Residual standard error: 656.9 on 180 degrees of freedom
Multiple R-squared:  0.223,     Adjusted R-squared:  0.1884
F-statistic: 6.456 on 8 and 180 DF,  p-value: 0.0000002232

Here the coefficients of different predictor vary very widely. Especially predictors for factor columns are very large, since only a unit change there make it a different group, whereas a unit change in age is a very small change. The coefficients are not comparable (though they are clearly understandable).
RelaImpo package: This dedicated package calculates relative importance of predictors by many techniques:

Code:

> bwdf = mybwdf(F)
> mod = lm(bwt~., data=bwdf)
> library(relaimpo)
> res_relimp = calc.relimp(mod, type=c('lmg','last','first'), rela=T)
> plot(res_relimp)

Output graph:

Eta-squared:

This is also called partial R-squared.
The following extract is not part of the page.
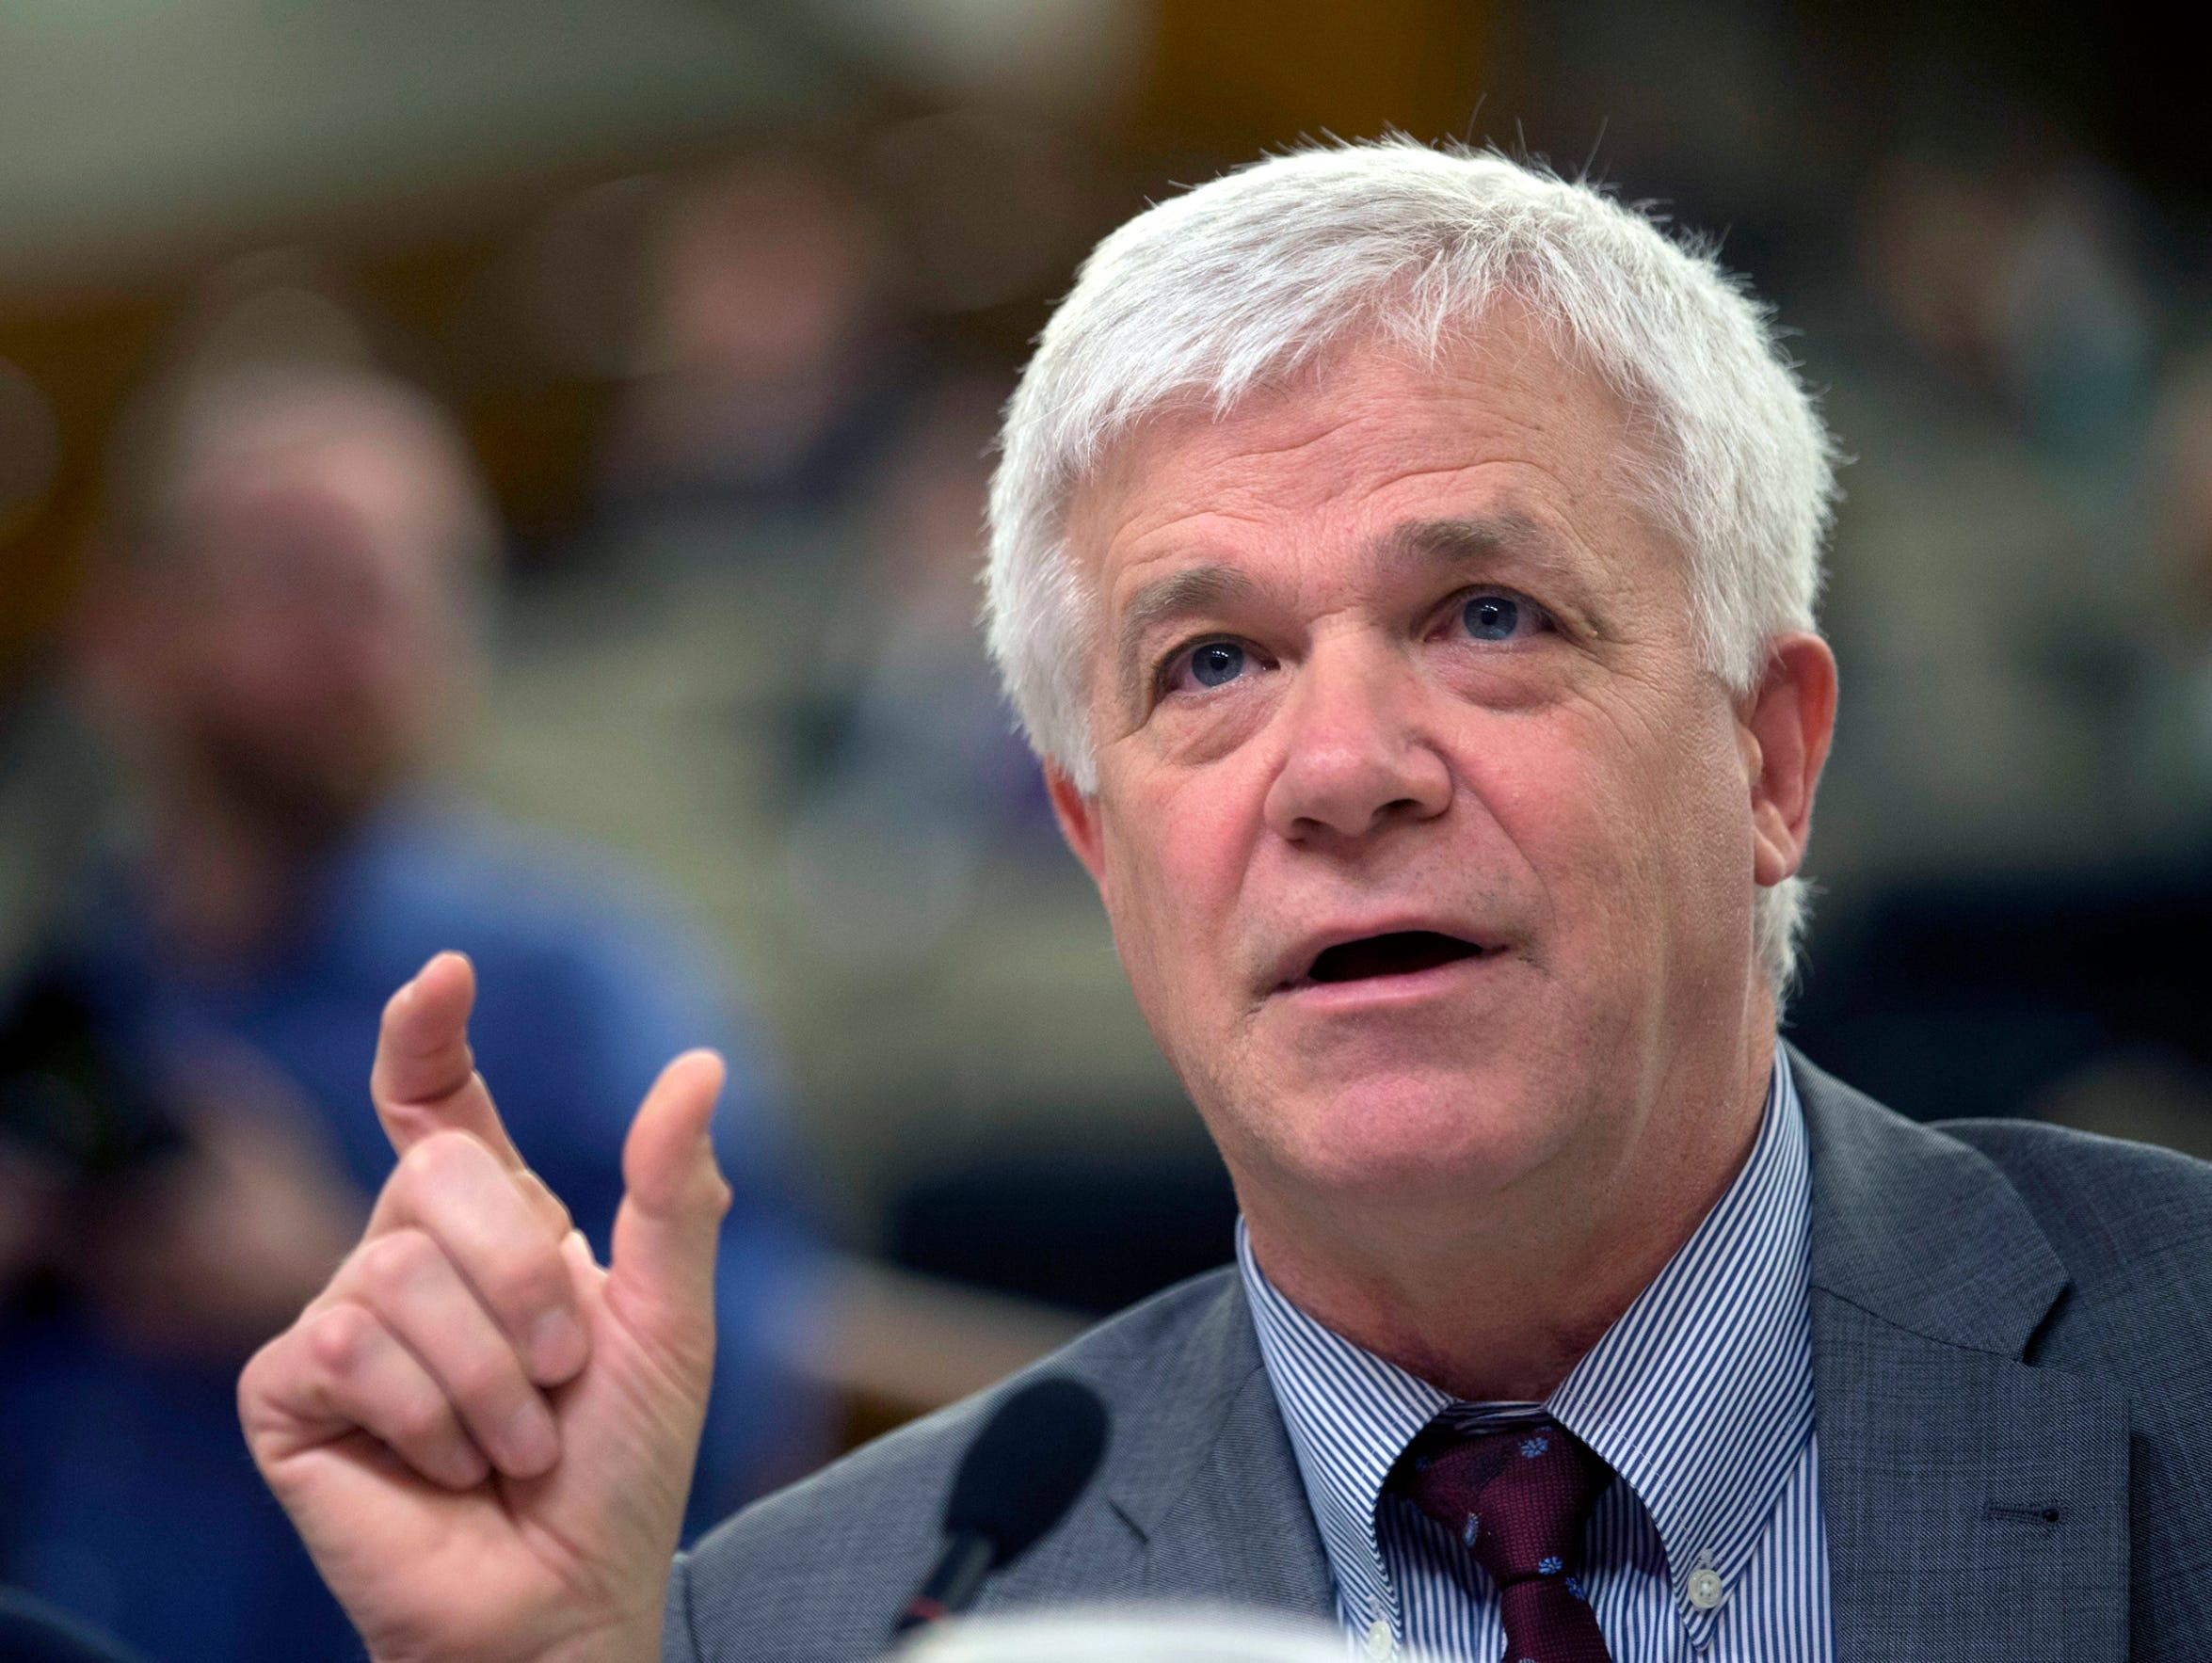 Former DEC commissioner Joseph Martens says the New

These can be easily obtained using heplots package of R:

Code:

> library(heplots)
> eta_values = etasq(lm(bwt~., bwdf))[-length(bwdf),]
> names(eta_values) = names(bwdf)[-9]
> round(eta_values,4)
age    lwt   race  smoke    ptl     ht     ui    ftv
0.0008 0.0340 0.0800 0.0576 0.0013 0.0458 0.0716 0.0005

> barplot(eta_values)

Output graph:

randomForest package:

Importance estimates can also be obtained using randomForest package:

Code:

> bwdf = mybwdf(F)
> library(randomForest)
> fit = randomForest(bwt~., data=bwdf, importance=TRUE)
> importance(fit)
%IncMSE IncNodePurity
age    0.9660325      14684397
lwt   10.5645799      16485245
race   6.6502585       6260713
smoke 10.9118832       4582938
ptl    5.1527217       5100336
ht    -1.4076003       2945358
ui    15.0868715       7420857
ftv    0.2590884       4759060

> varImpPlot(fit)

Output graph:

References:
Ulrike Grömping (2006). Relative Importance for Linear Regression in R: The Package relaimpo. Journal of Statistical Software, 17(1), 1–27.

A. Liaw and M. Wiener (2002). Classification and Regression by randomForest. R News 2(3), 18–22.